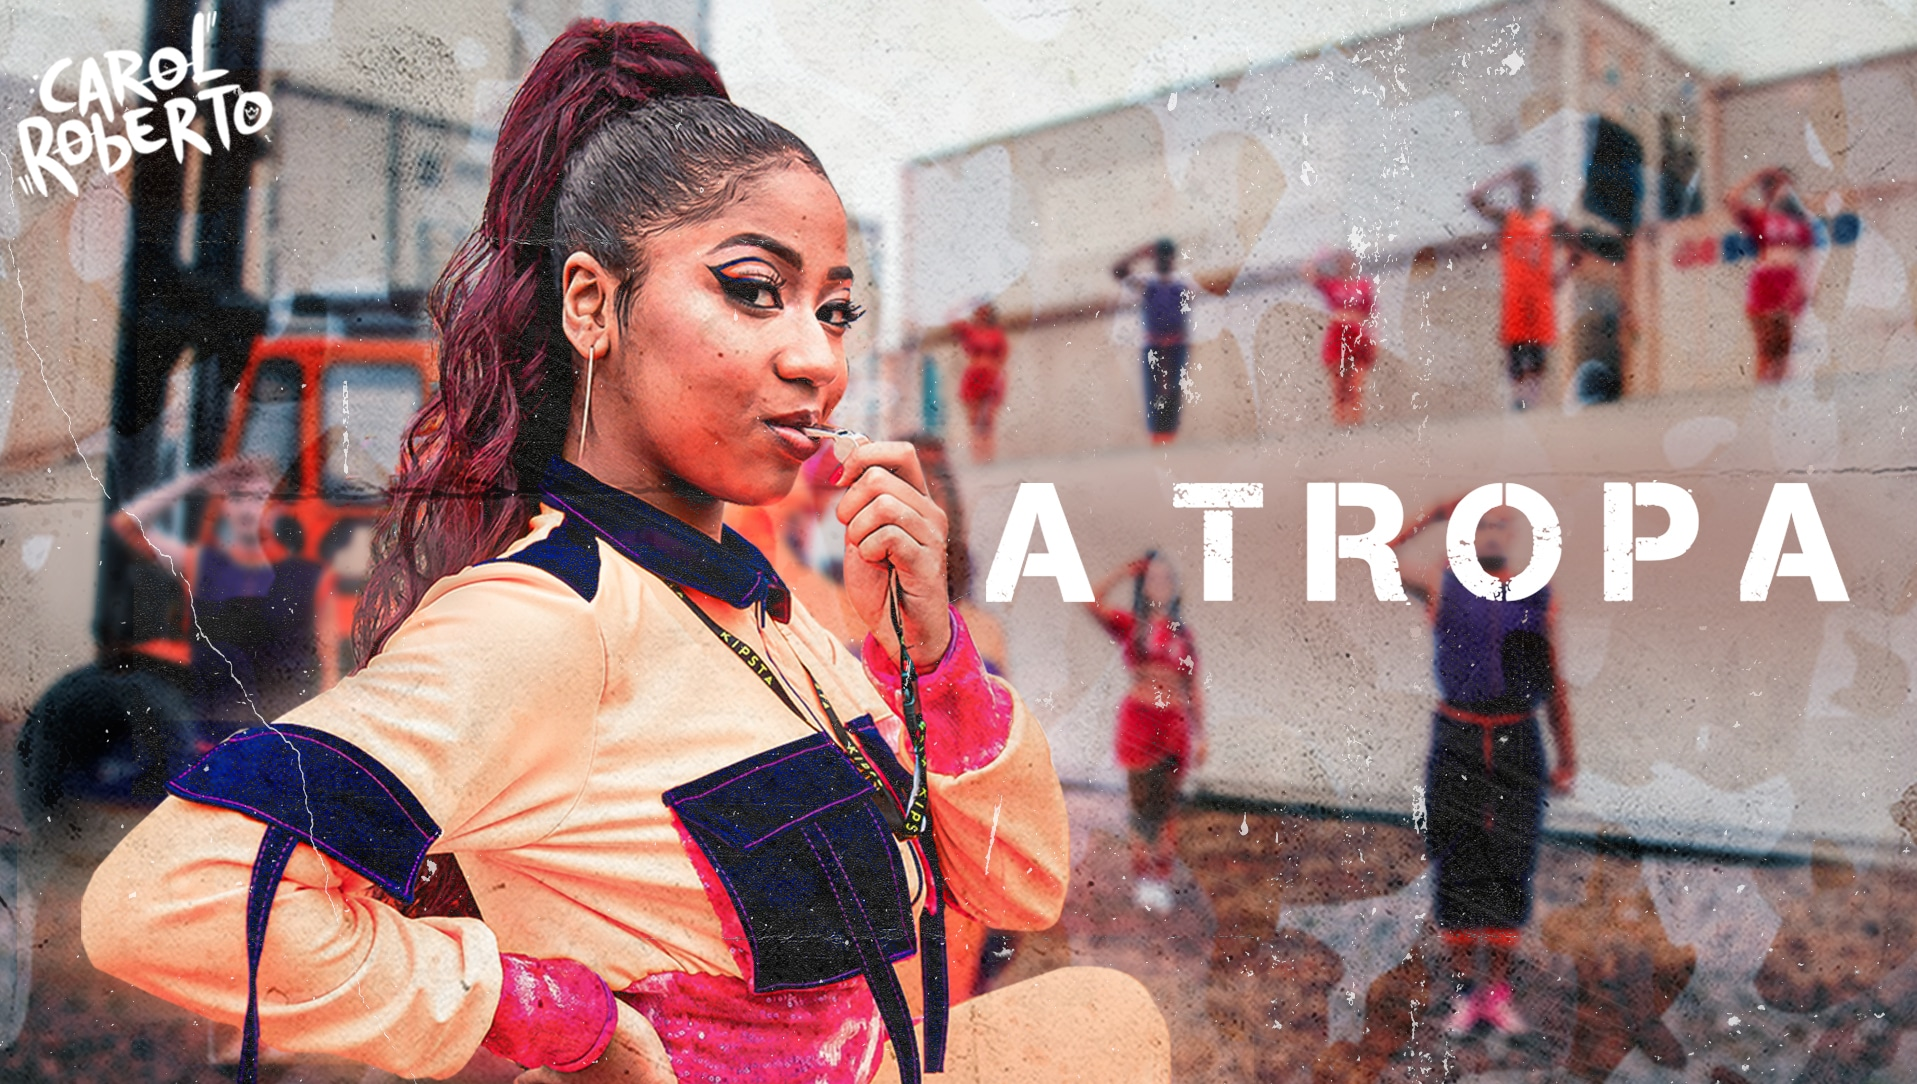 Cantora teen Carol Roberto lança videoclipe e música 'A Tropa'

####################

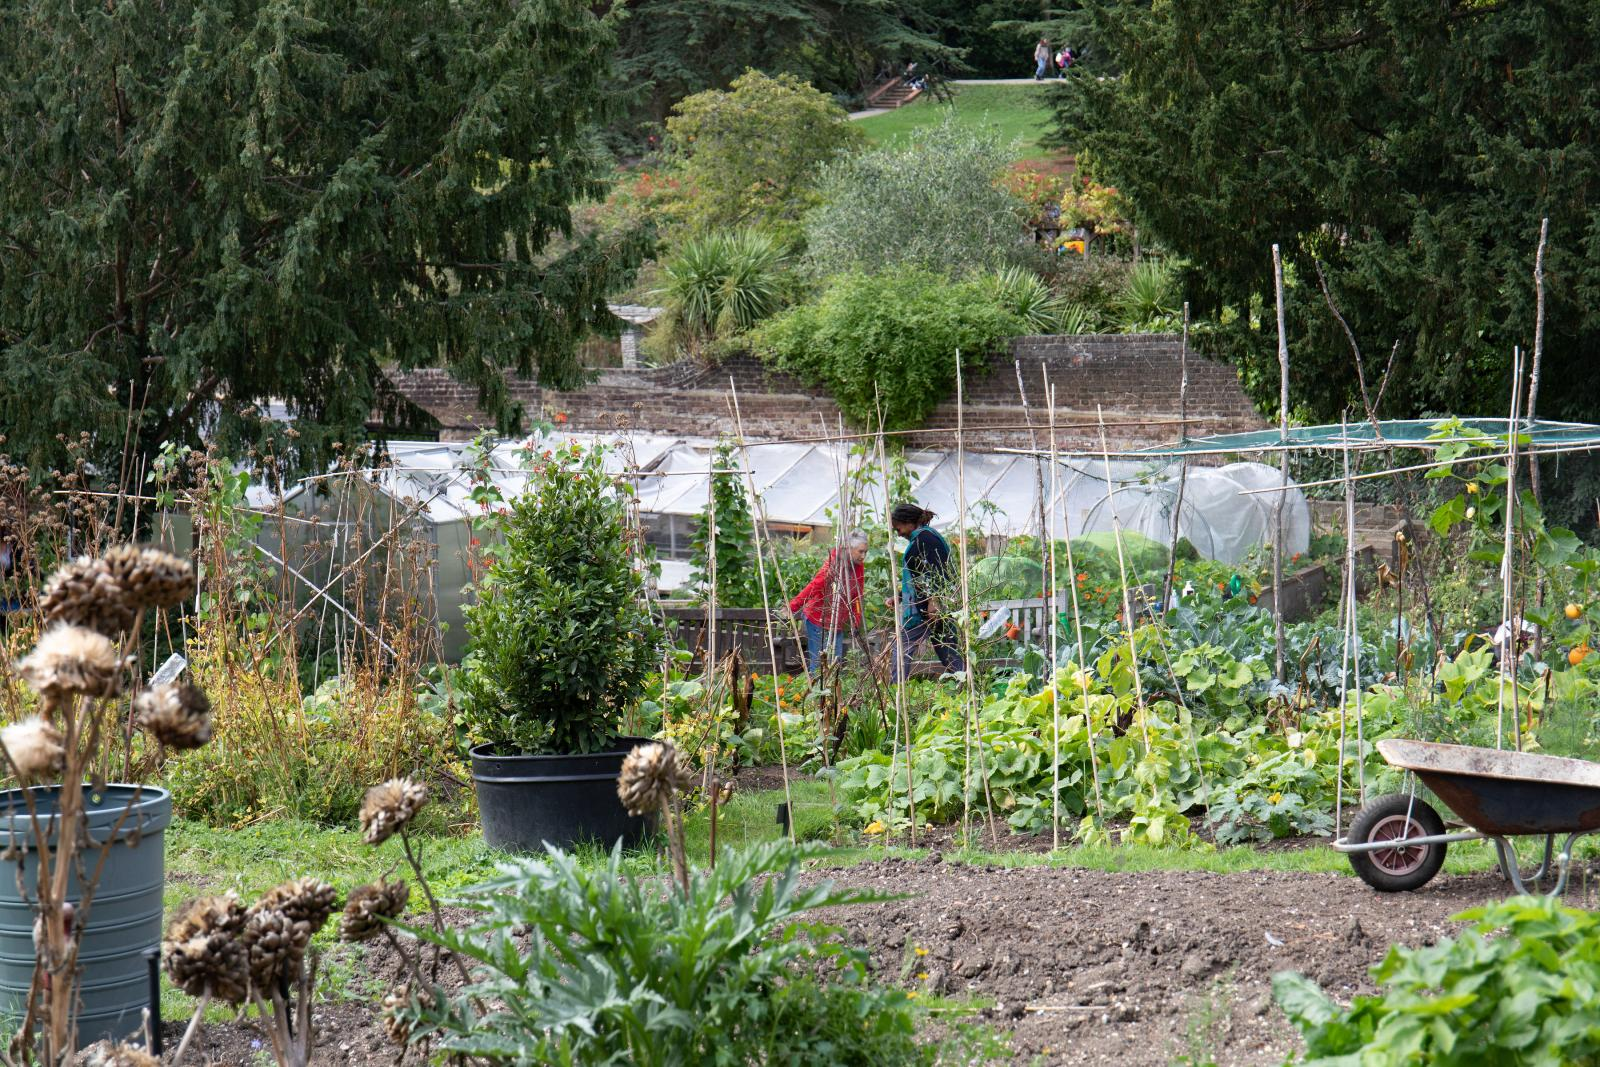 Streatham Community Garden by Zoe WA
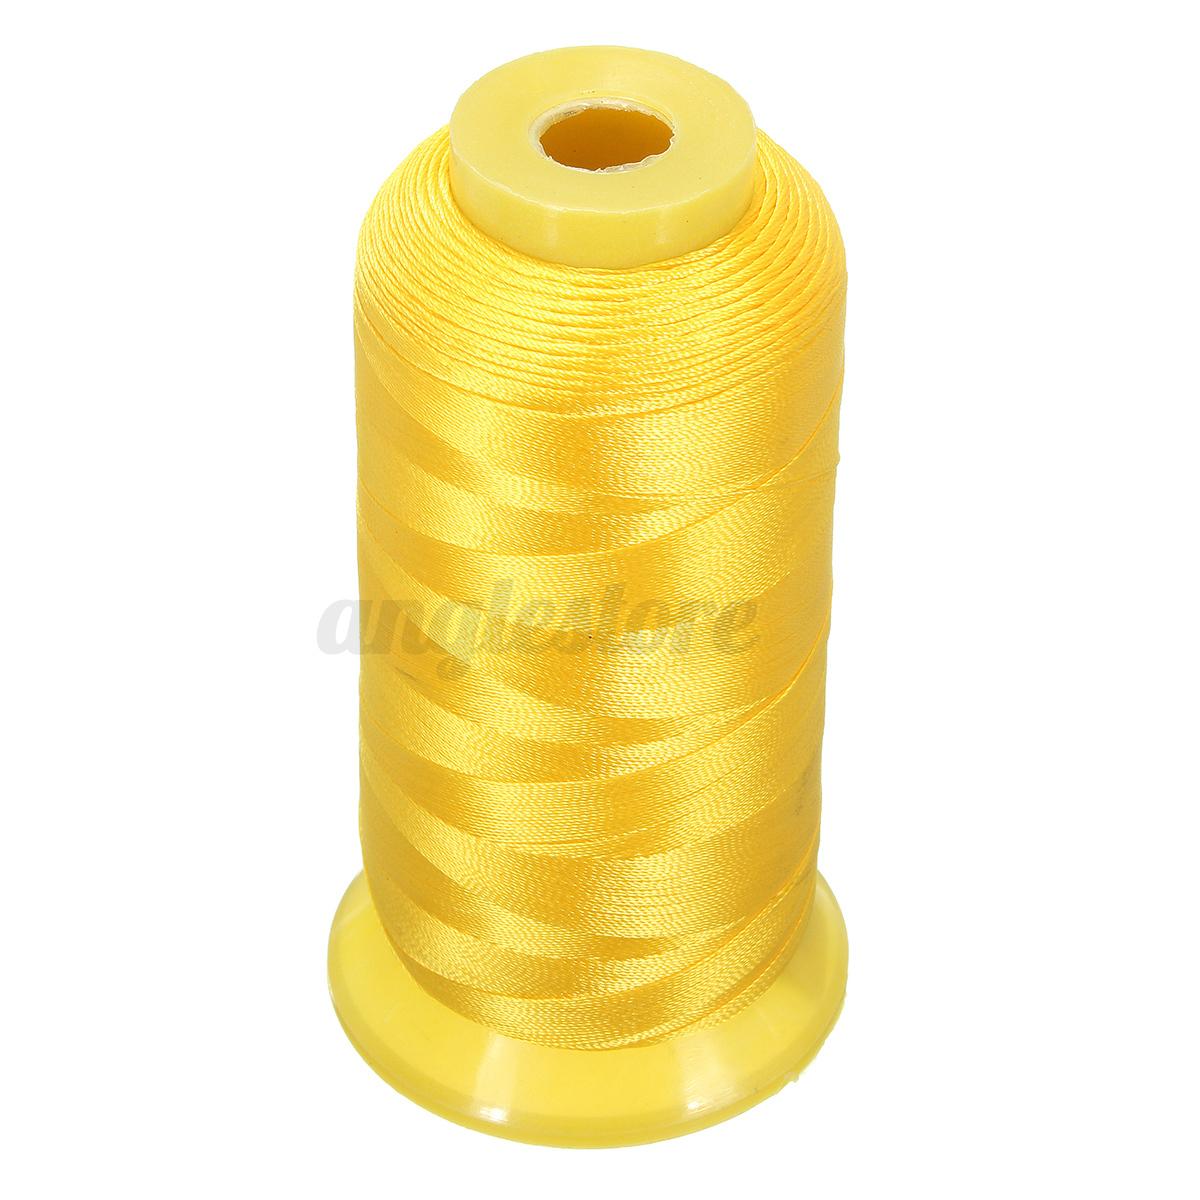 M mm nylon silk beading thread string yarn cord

####################

■ Work request:
Drop the pictures; return the lines above from the line containing "Streatham Community Garden by Zoe WA" to the line containing "M mm nylon silk", both included, exactly.

■ Task solution:
 Streatham Community Garden by Zoe WA
 M mm nylon silk beading thread string yarn cord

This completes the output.